Green property debt frenzy comes with opaque climate standards

The 50-floor building designed to look like a bundle of chopsticks will stand out in China’s industrial hub of Shenzhen. It will also use natural ventilation, have a green roof and collect rainwater for irrigation — but that’s not unusual these days.

The Kaisa Group Holdings project is just one of hundreds around the world being driven by green bonds. Property firms have been among the cheerleaders of a rush to ethical finance, posing a challenge for investors to scrutinize how green this building frenzy actually is, at a time when debt from the sector is under pressure on contagion from distressed developer China Evergrande Group.

In China, sales of green debt from developers surged to $10.3 billion so far in 2021, more than three times the whole of 2020. It’s a similar picture in Europe, where they have more than doubled to $17.2 billion and make up about a sixth of the corporate green market. In the U.S., they have surpassed last year at $6.85 billion, nearly a quarter of the total.

Investors are clamoring for the chance to put their money to environmental use, yet may just be fueling more development from a building and construction sector that accounts for about 40% of energy-related carbon dioxide emissions.
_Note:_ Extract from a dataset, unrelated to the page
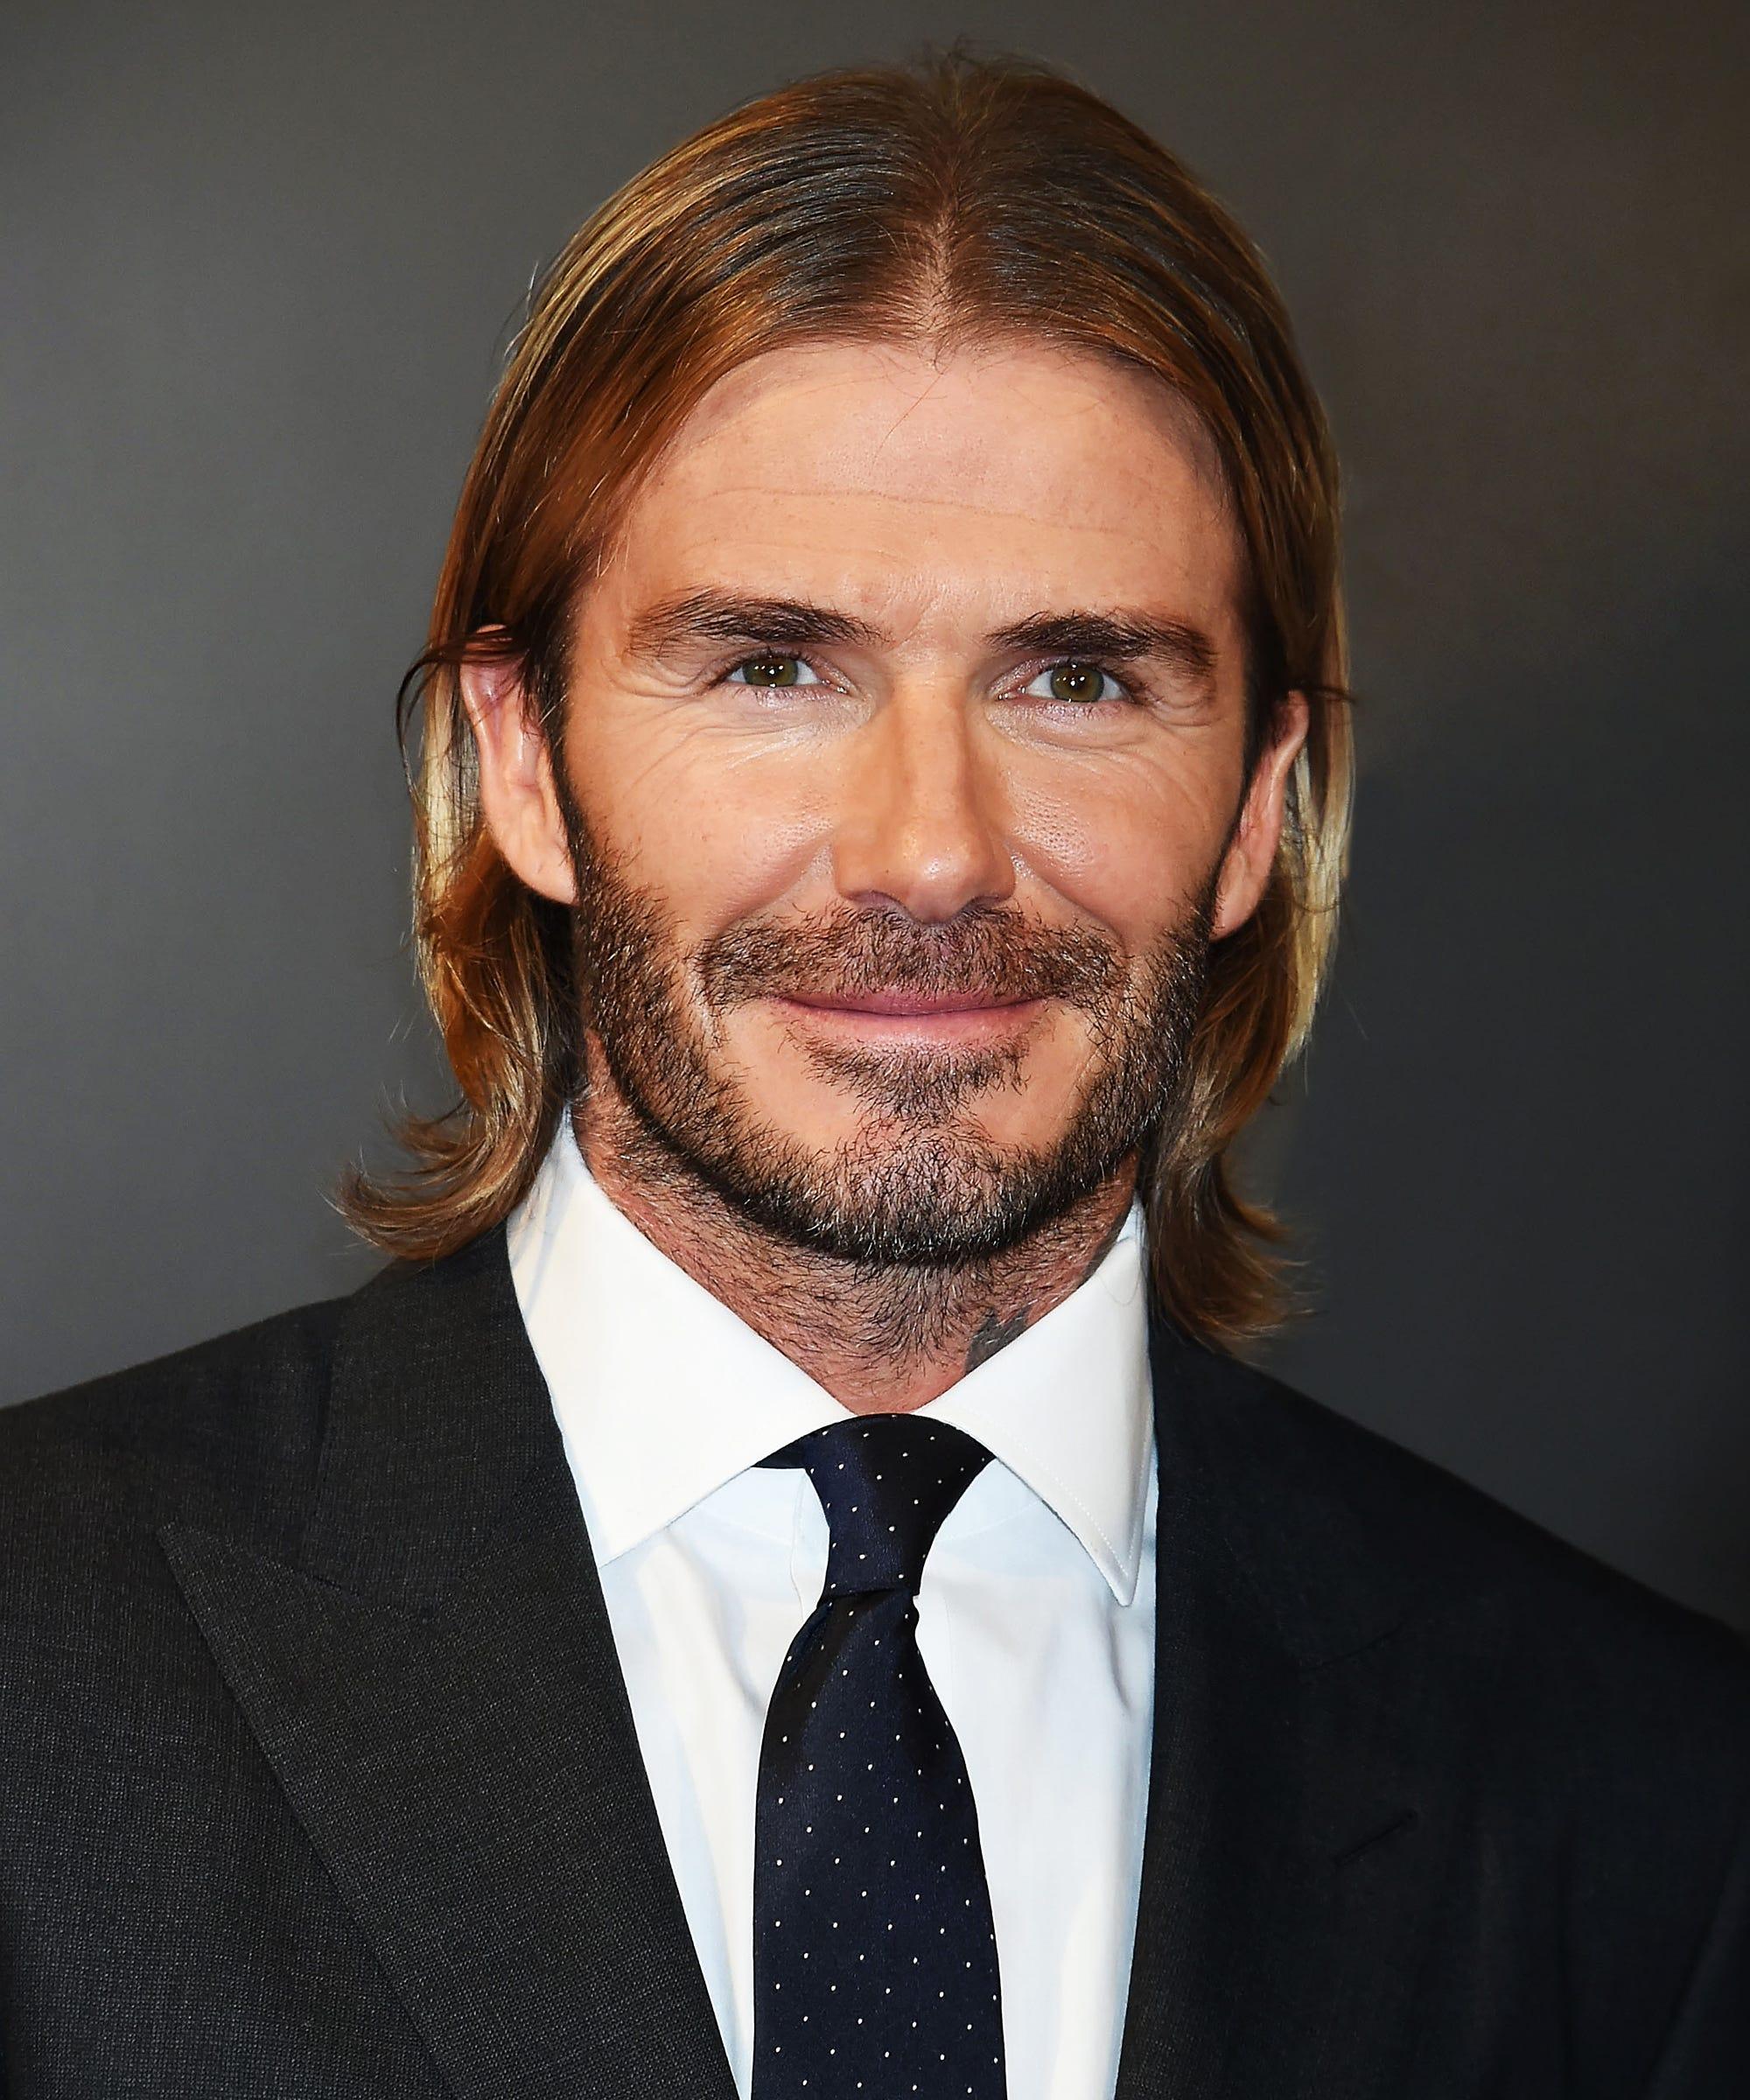 David Beckham House 99 Loreal Launch 2018 Hair Skin

Finding the companies actually cutting pollution means sifting through a heap of building certifications and sustainable bond rules, which obscure potential greenwashing.

“The use of proceeds from green bonds in the real estate sector focuses on energy efficiency — heating and cooling of buildings — and not so much on environmentally harmful factors from building materials such as cement,” said Jyri Suonpaa, a green bond fund manager at Alandsbanken Abp in Finland. “New issuance from the sector is a lot higher than from other parts of the market, which increases the risk of greenwashing.”